What I'd really like to do is to reach 'into' each sub-dag and insert dependencies between specific final nodes and specific initial nodes. I've considered hacking this solution together, but the ways of doing it that I can think of seem inelegant. I wonder if anyone has thoughts on how to do this kind of thing cleanly? To expand a bit, this comes up when I want to do Analysis A on samples 1-2000 and then I want to do Analysis B on the same samples. Analysis B for sample 1 depends on Analysis A for the same sample, but not on Analysis A for any other samples. It's a shame to require that Analysis A finish for all samples before I start Analysis B for any samples, but that is what I feel stuck with at the moment.

So you're saying that right now you have all of the A nodes in one splice, and all of the B nodes in another splice, right? I guess one thing I would want to understand in this case is what is driving your decomposition of the workflow. Because if you have a single splice that has all of your As and all of your Bs, you could do this easily. Or, if your decomposition is governed by size, you could have a splice that has A1-A100 and B1-B100, another splice that has A101-A200, B101-B200, etc.

If you really do need to have all of the As in one splice and all of the Bs in another I guess it might be possible to implement some kind of "weaker" dependency between splices, wherein a given node in the second splice only depends on some of the nodes in the first splice.
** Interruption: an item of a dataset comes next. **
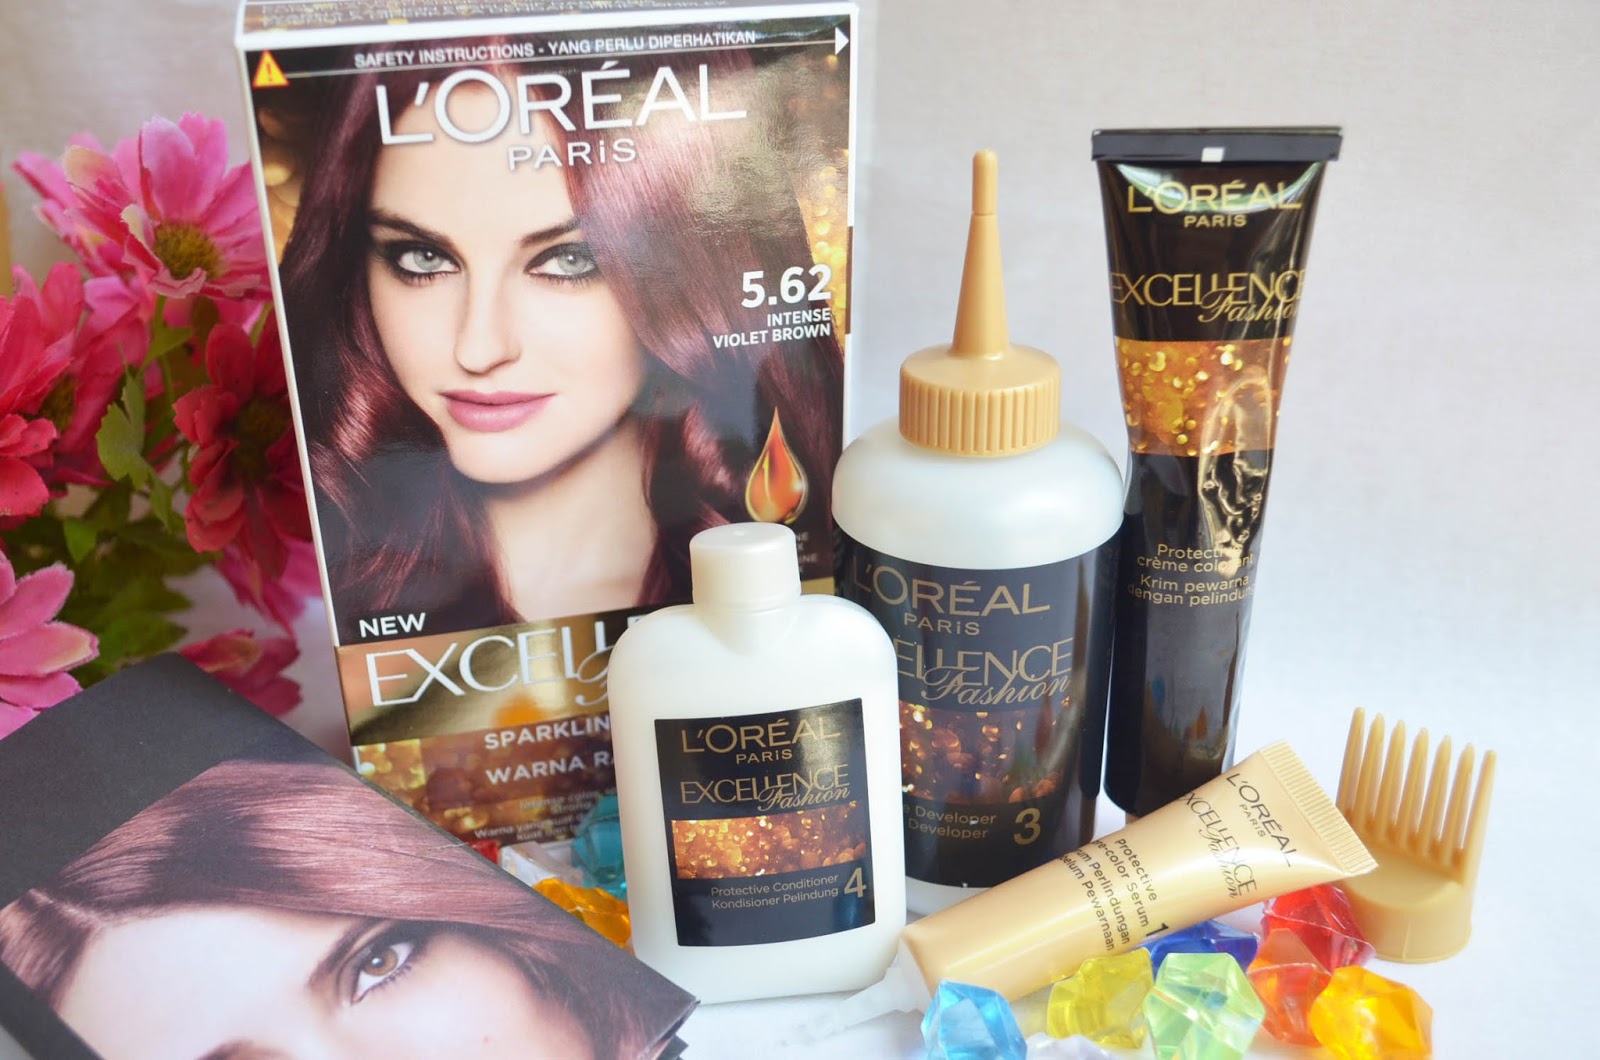 CAT RAMBUT : LOREAL EXCELLENCE FASHION VIOLET BROWN 5.62 REVIEW

That would definitely take some thinking, though, about how the dependencies should be specified, and this is something that hasn't come up previously, as far as I know, so I don't have any pre-existing ideas on it.

So, to summarize:
1) There's no problem with using NOOP nodes as you describe.
2) There's no reason to not have DAGMan automatically introduce such nodes. (This would also allow splices to have pre and post scripts, which would make them more consistent with sub-DAGs.) 3) Before any kind of implementation of the more flexible inter-splice dependencies, there would have to be some serious thinking involved, probably starting with a better understanding of your use case.

Kent Wenger
CHTC Team